▶ [Records shown]

*** Begin section ***

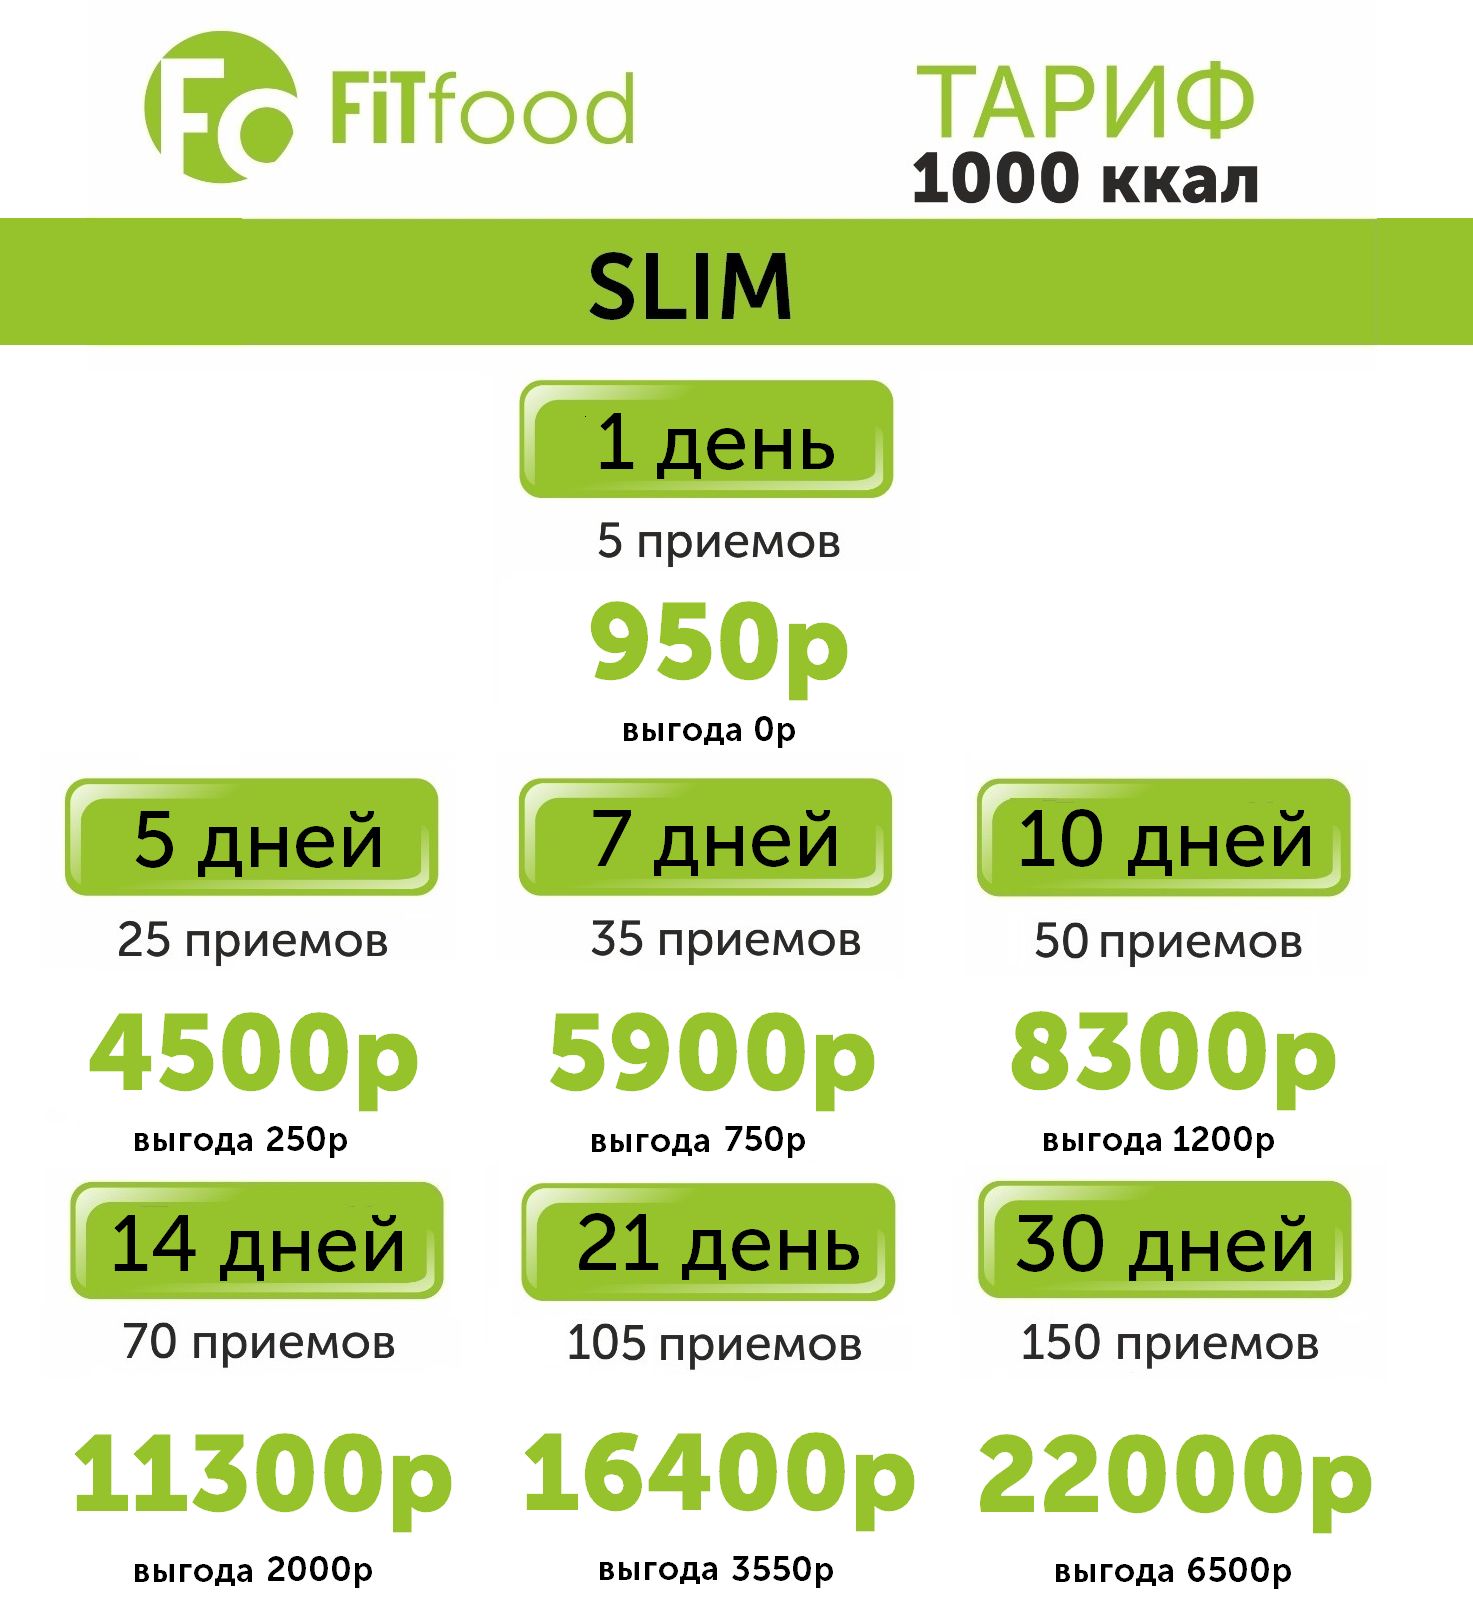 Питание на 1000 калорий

*** End section ***
*** Begin section ***

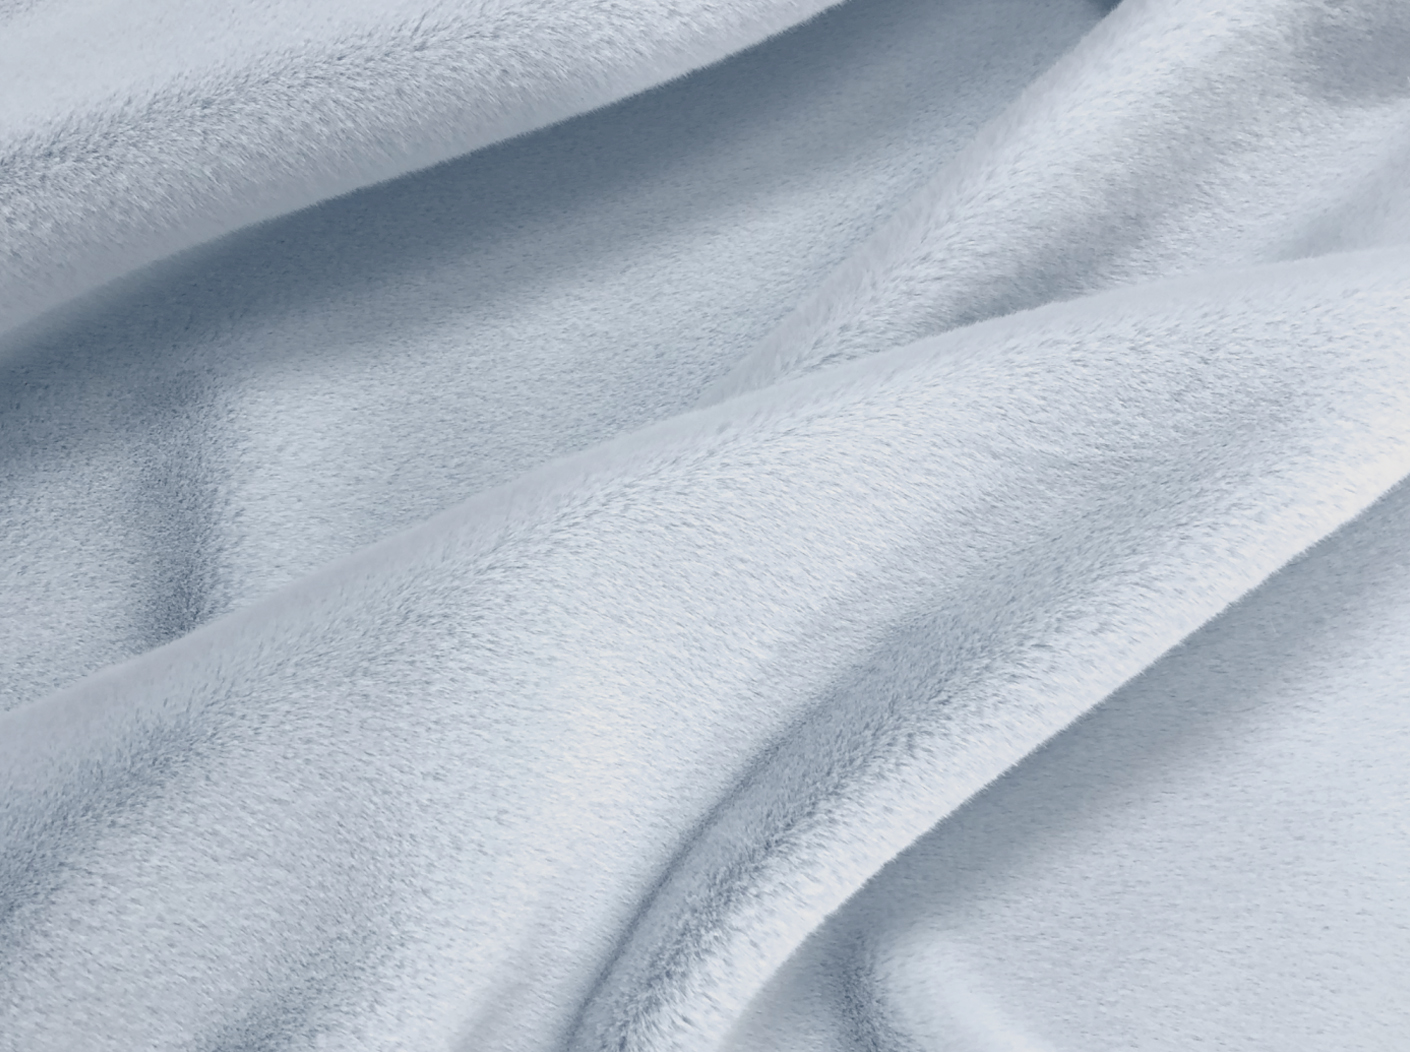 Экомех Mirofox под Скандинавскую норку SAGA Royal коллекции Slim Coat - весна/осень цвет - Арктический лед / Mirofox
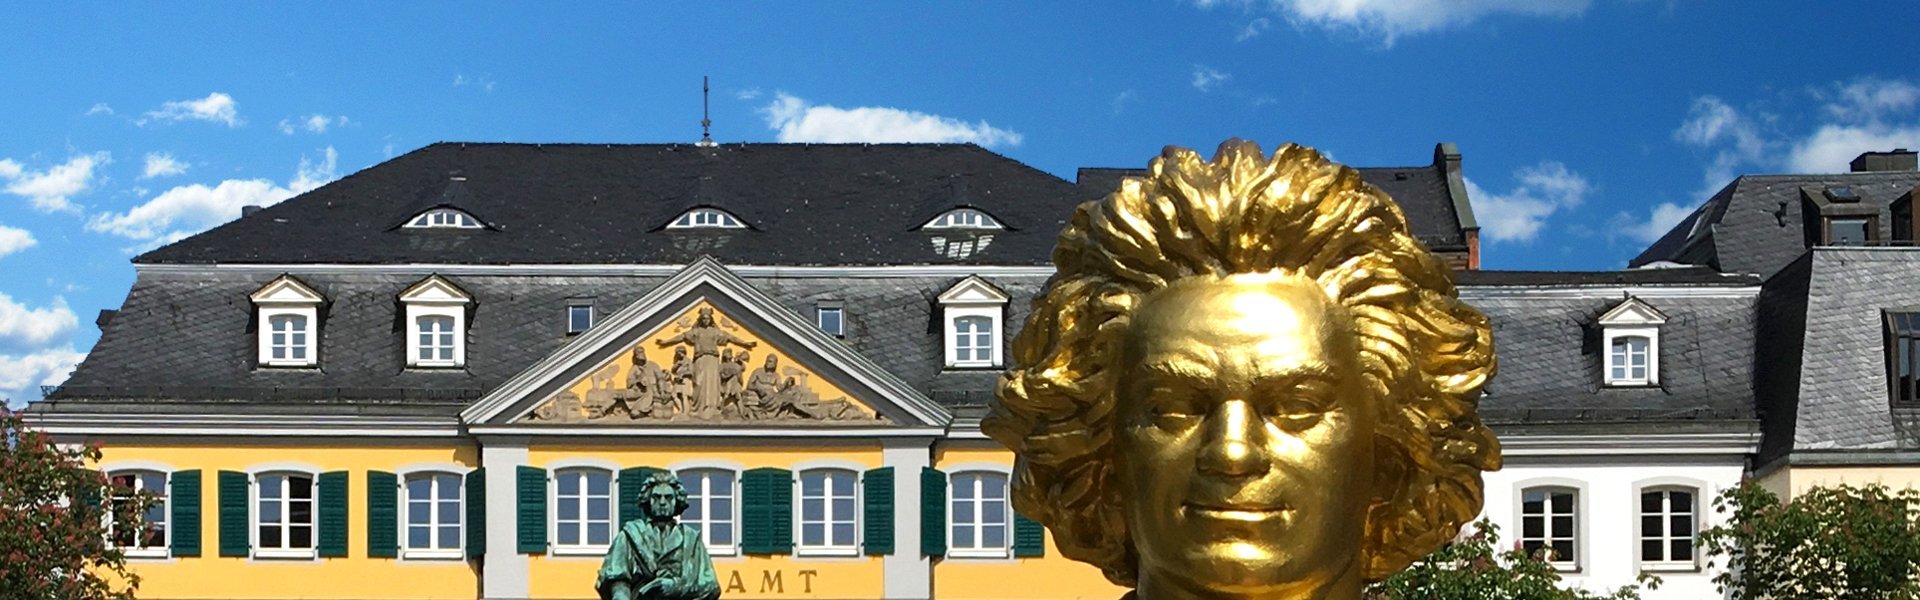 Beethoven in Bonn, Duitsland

*** End section ***

▶ [Your objective] Repeat exactly the lines above, from the line that contains "Экомех Mirofox под" down through the line that contains "Beethoven in Bonn, Duitsland". Include both of those lines and none of the pictures.

▶ [Answer for the task]
 Экомех Mirofox под Скандинавскую норку SAGA Royal коллекции Slim Coat - весна/осень цвет - Арктический лед / Mirofox
 Beethoven in Bonn, Duitsland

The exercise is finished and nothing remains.